# Dataset excerpt:

*** Begin section ***

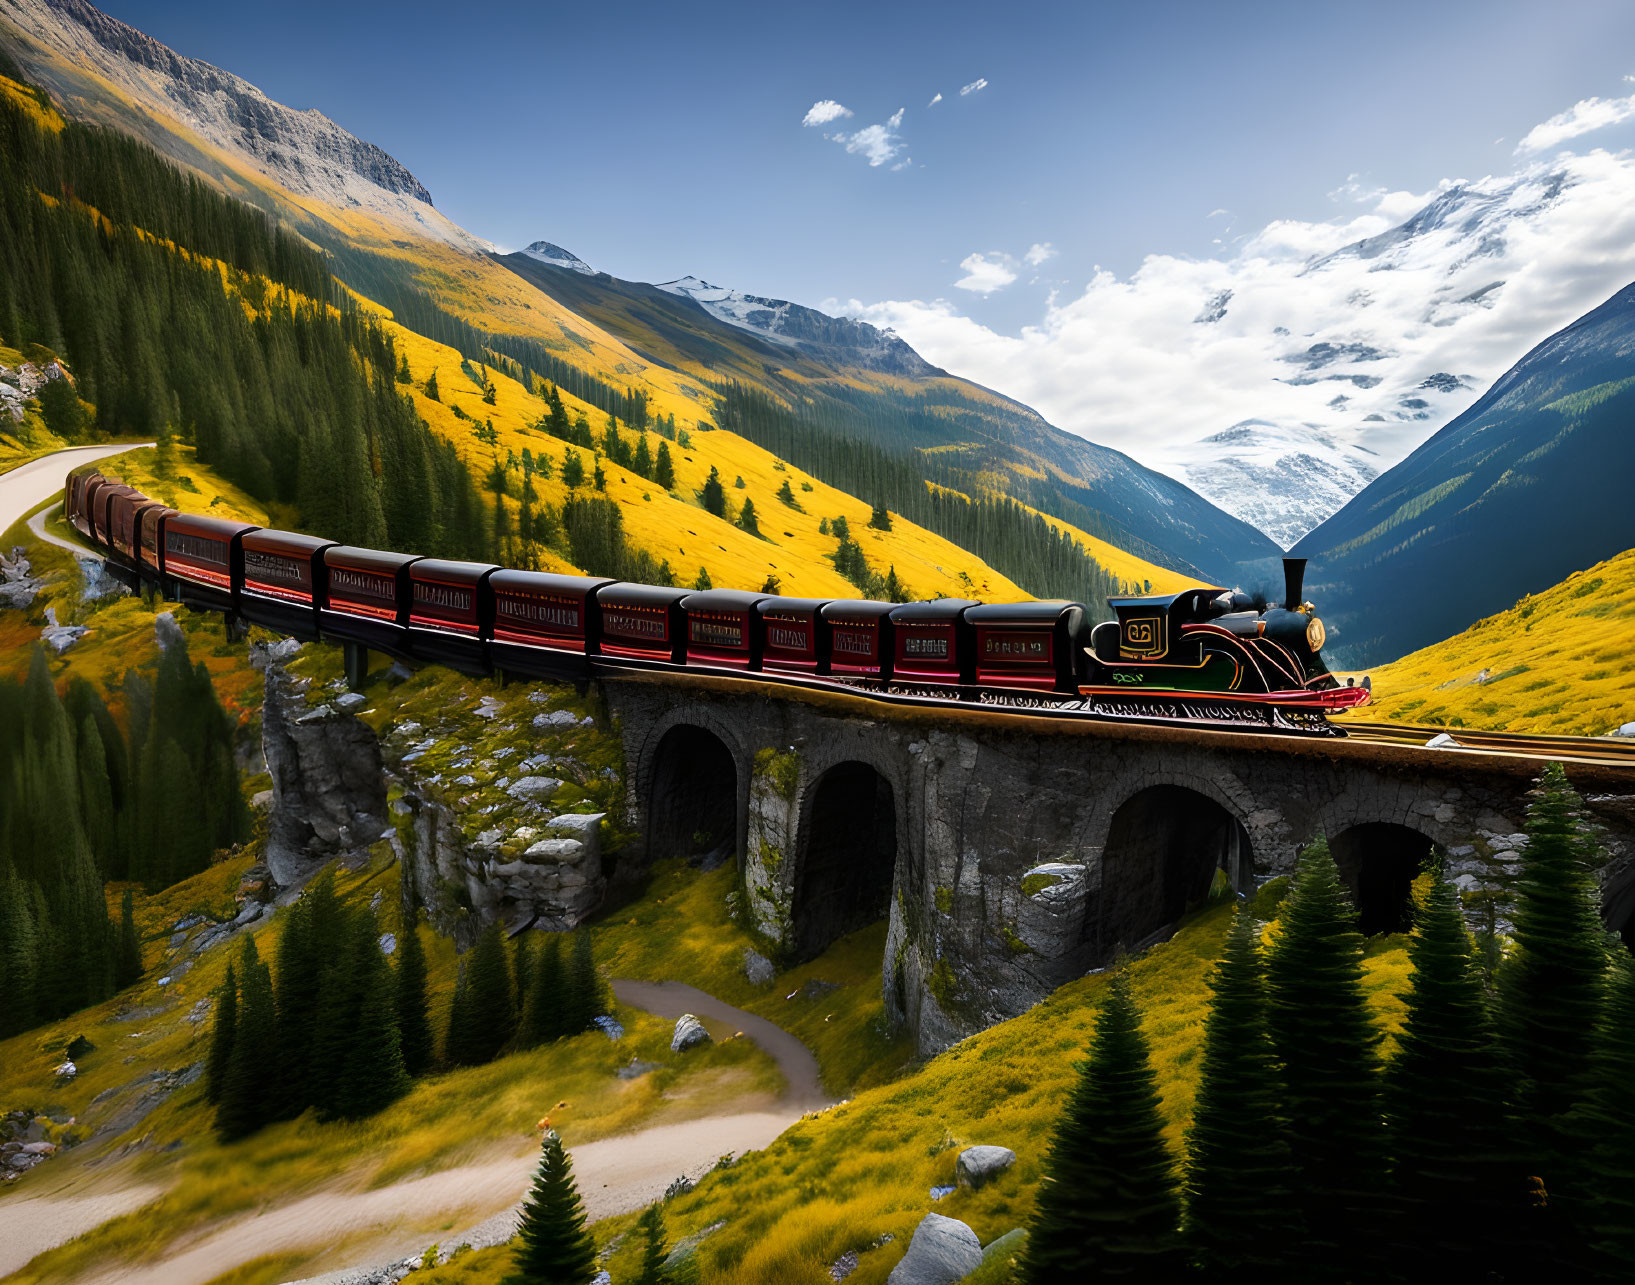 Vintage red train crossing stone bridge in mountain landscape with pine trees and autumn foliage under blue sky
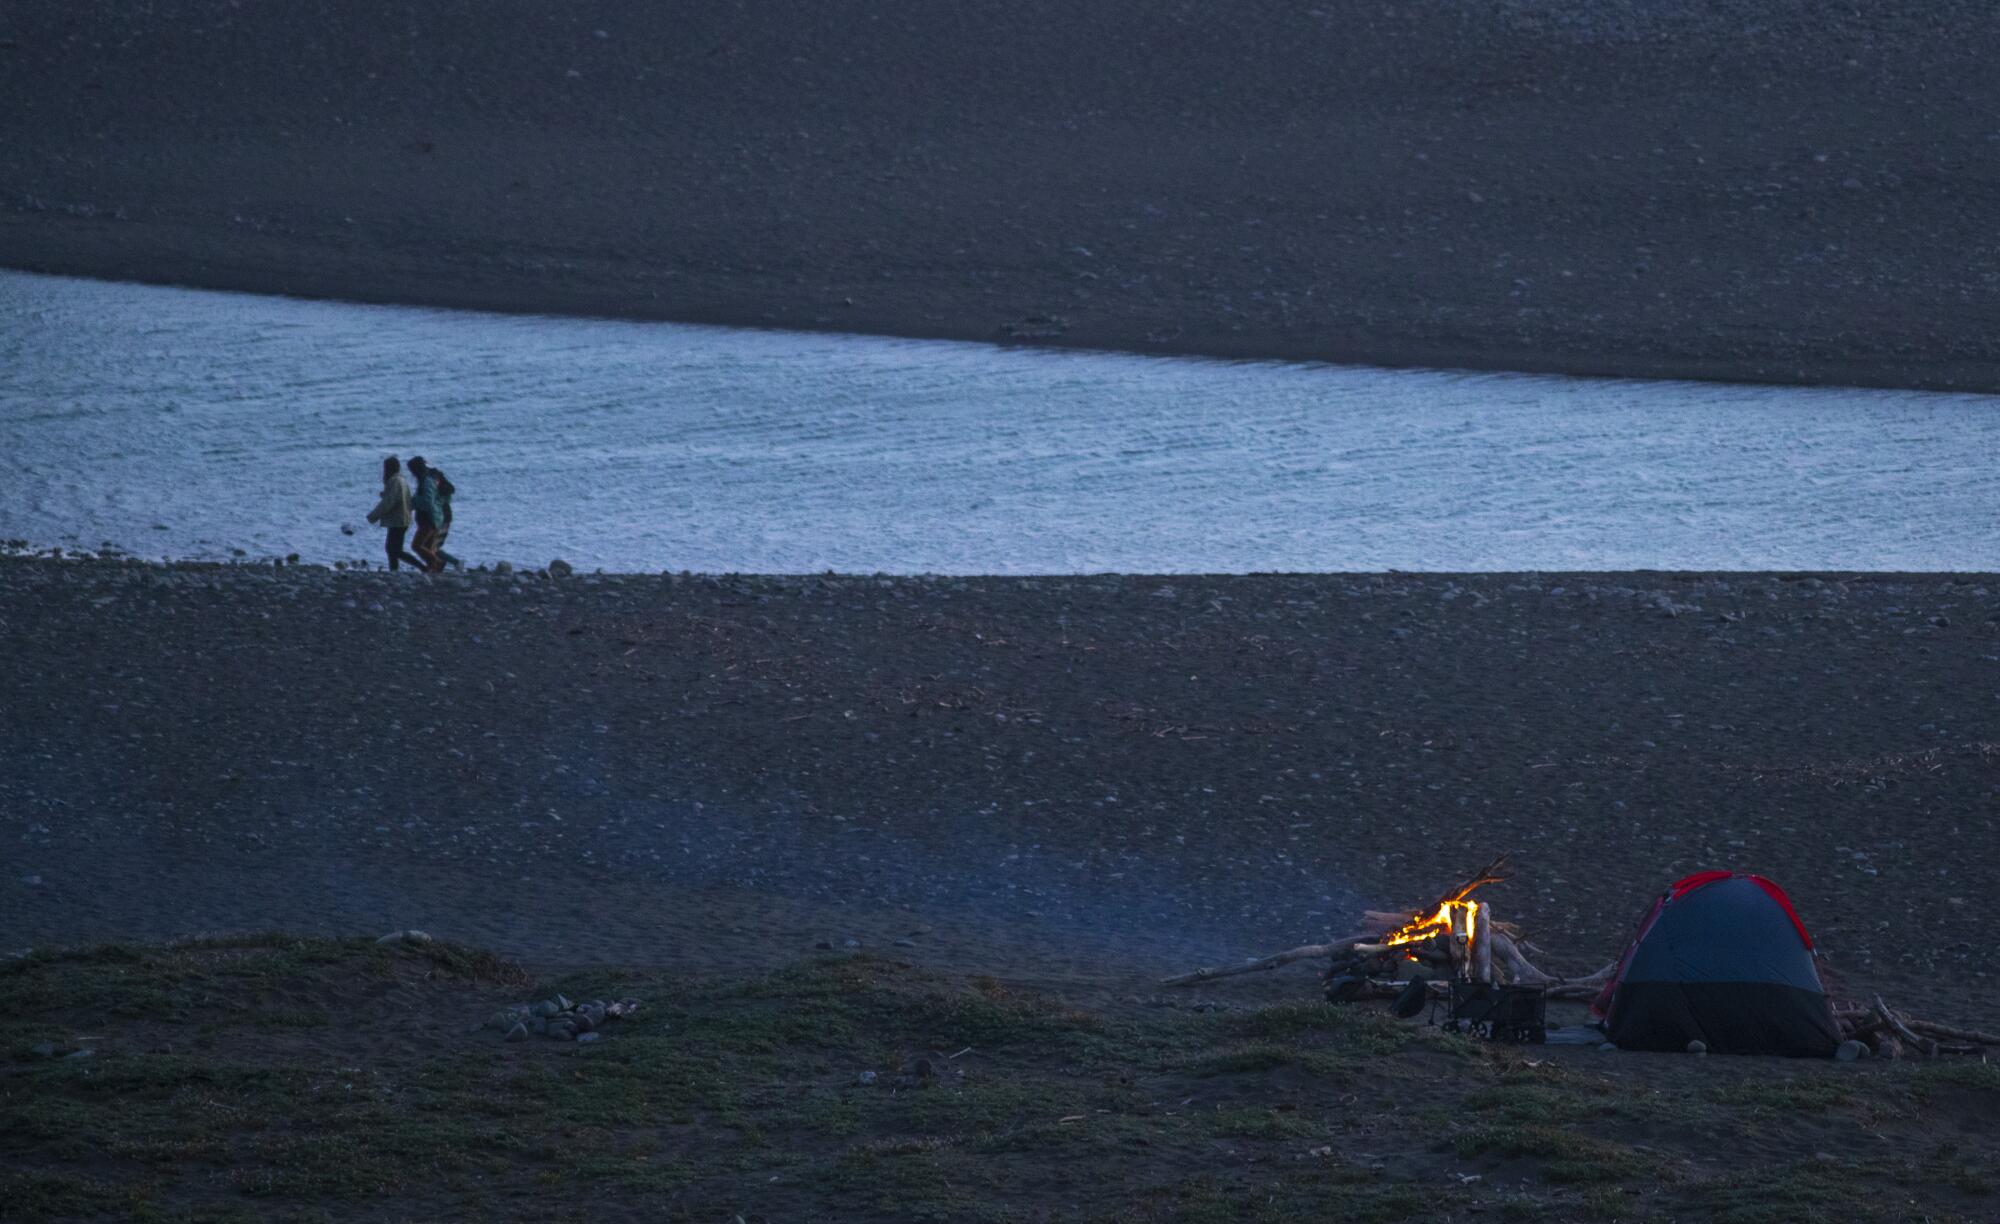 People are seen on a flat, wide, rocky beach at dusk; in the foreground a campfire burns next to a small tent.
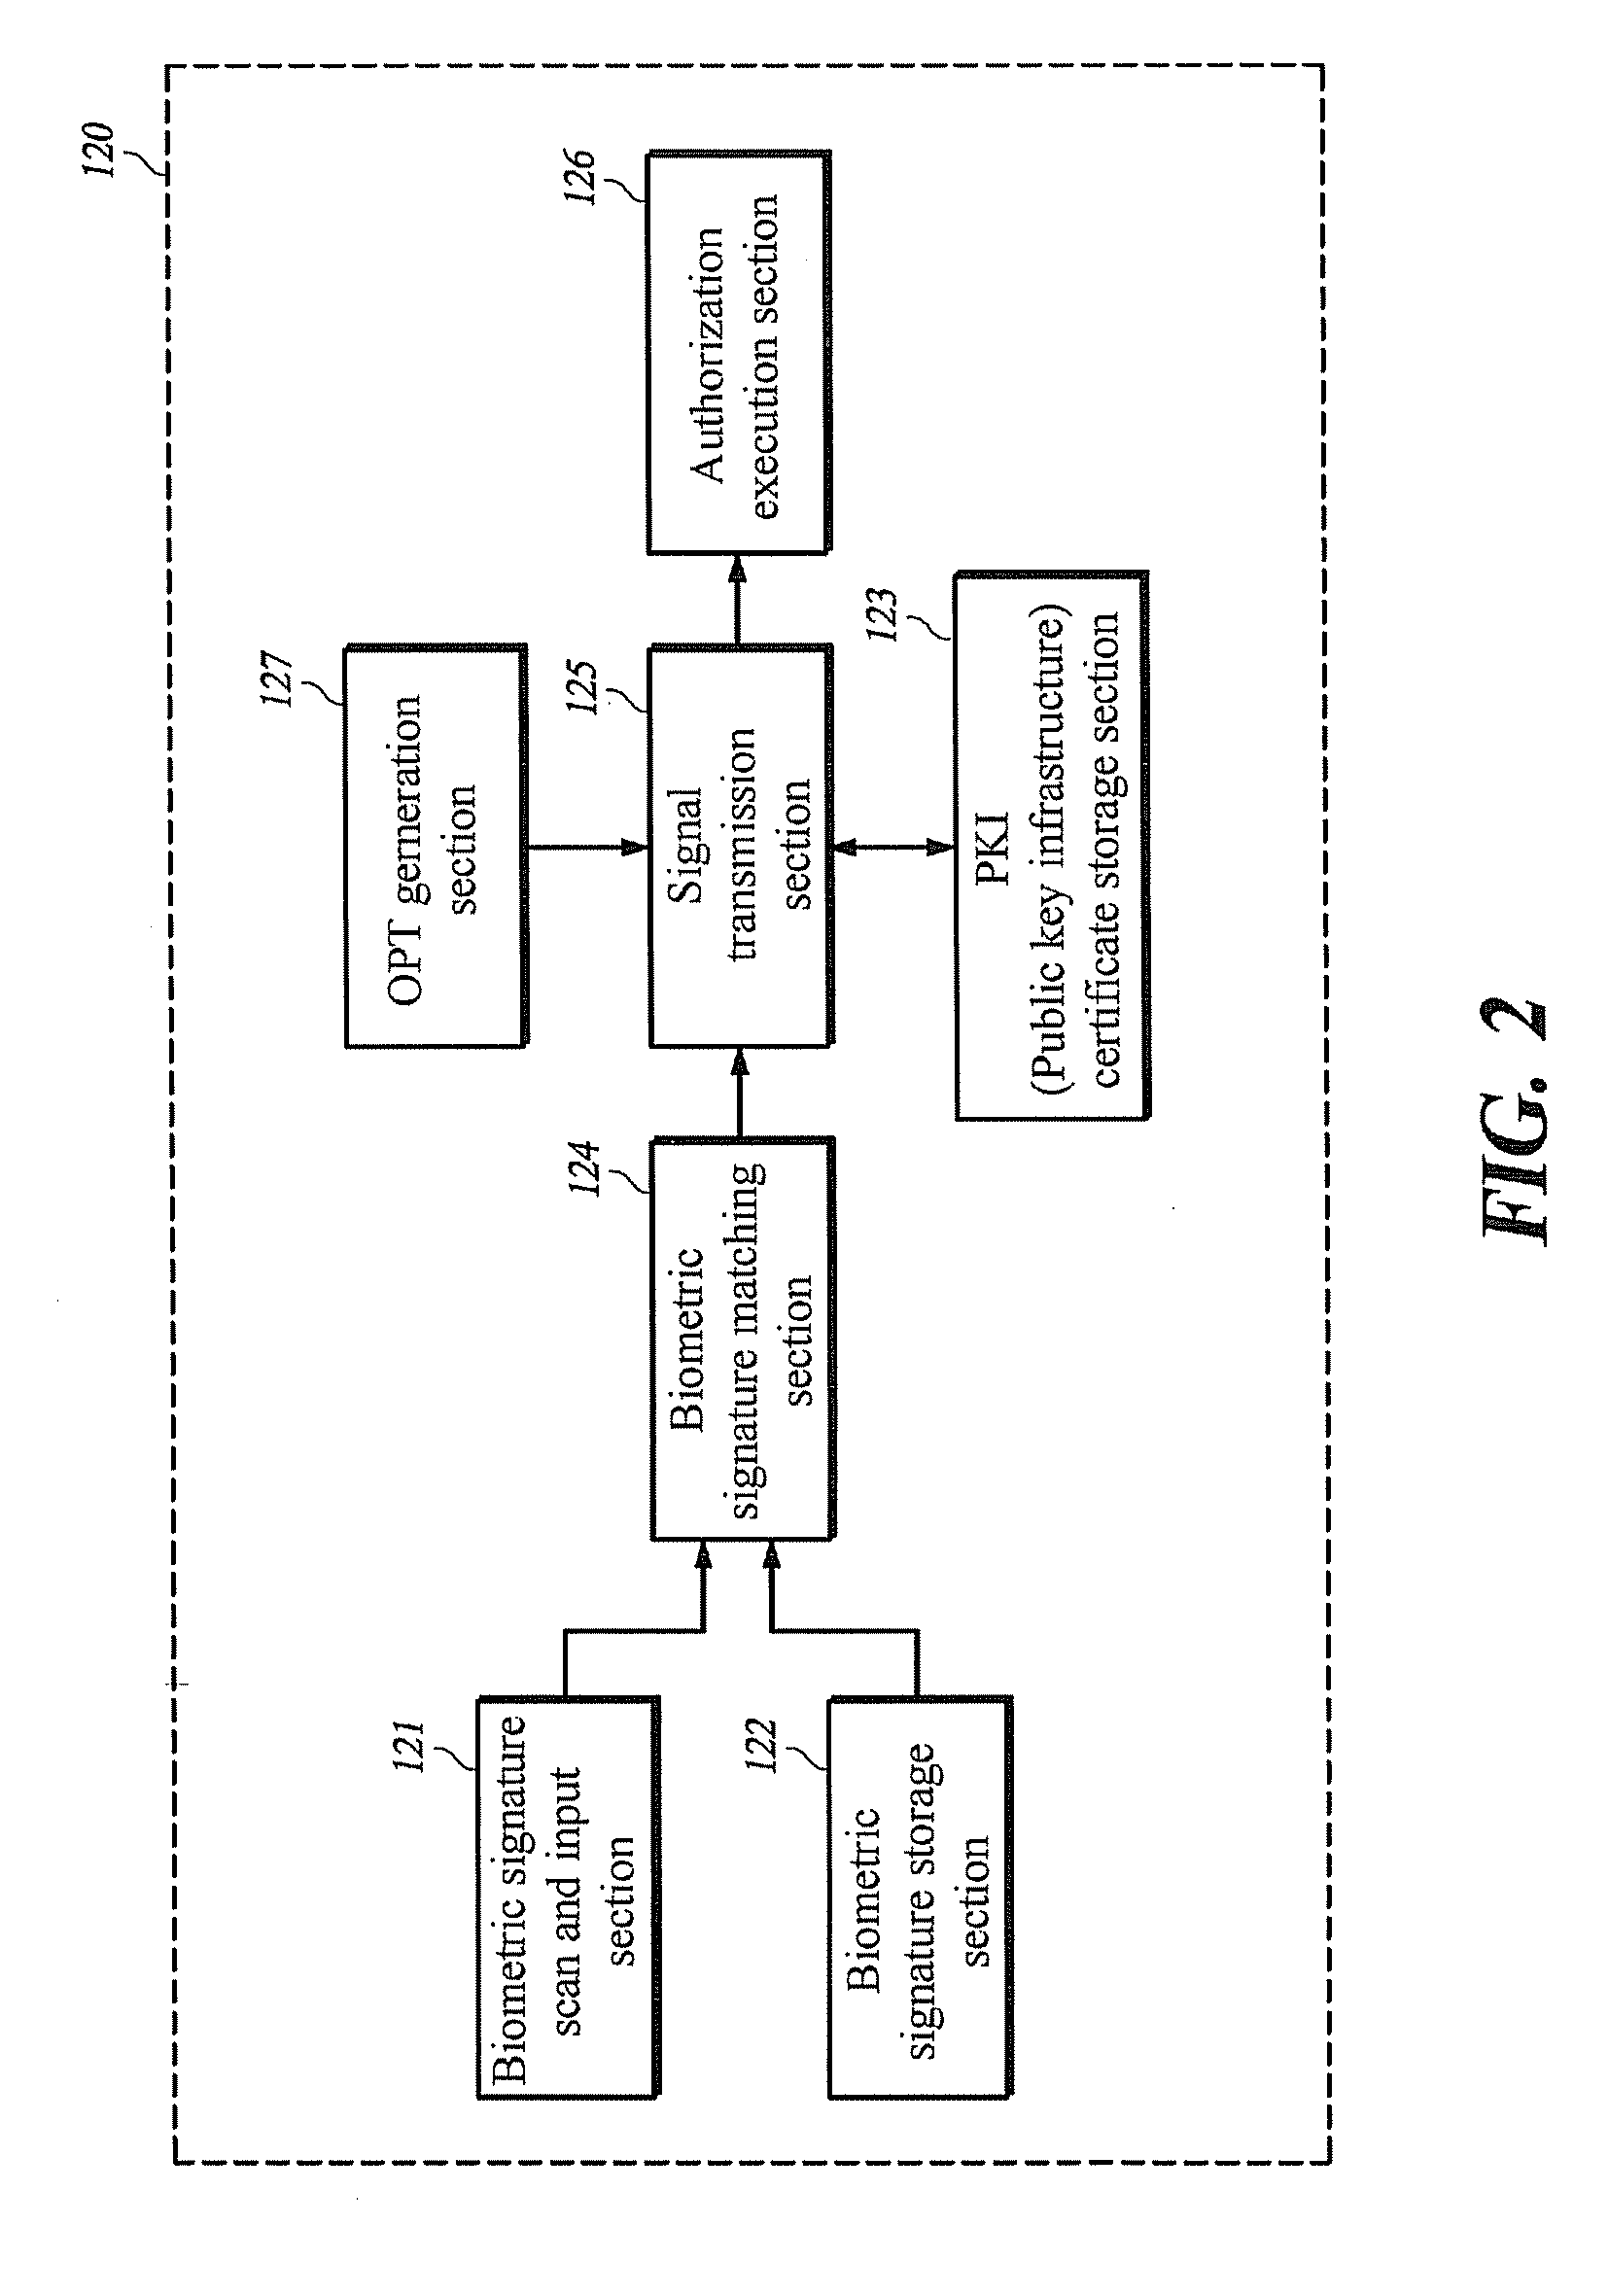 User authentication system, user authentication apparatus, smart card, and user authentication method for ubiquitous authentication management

*** End section ***

# Task brief:
An exact transcription is requested of each line from the one that holds "People are seen" to the end of the listing above, both boundary lines included; pictures are to be omitted.

# Exercise result:
 People are seen on a flat, wide, rocky beach at dusk; in the foreground a campfire burns next to a small tent.
 User authentication system, user authentication apparatus, smart card, and user authentication method for ubiquitous authentication management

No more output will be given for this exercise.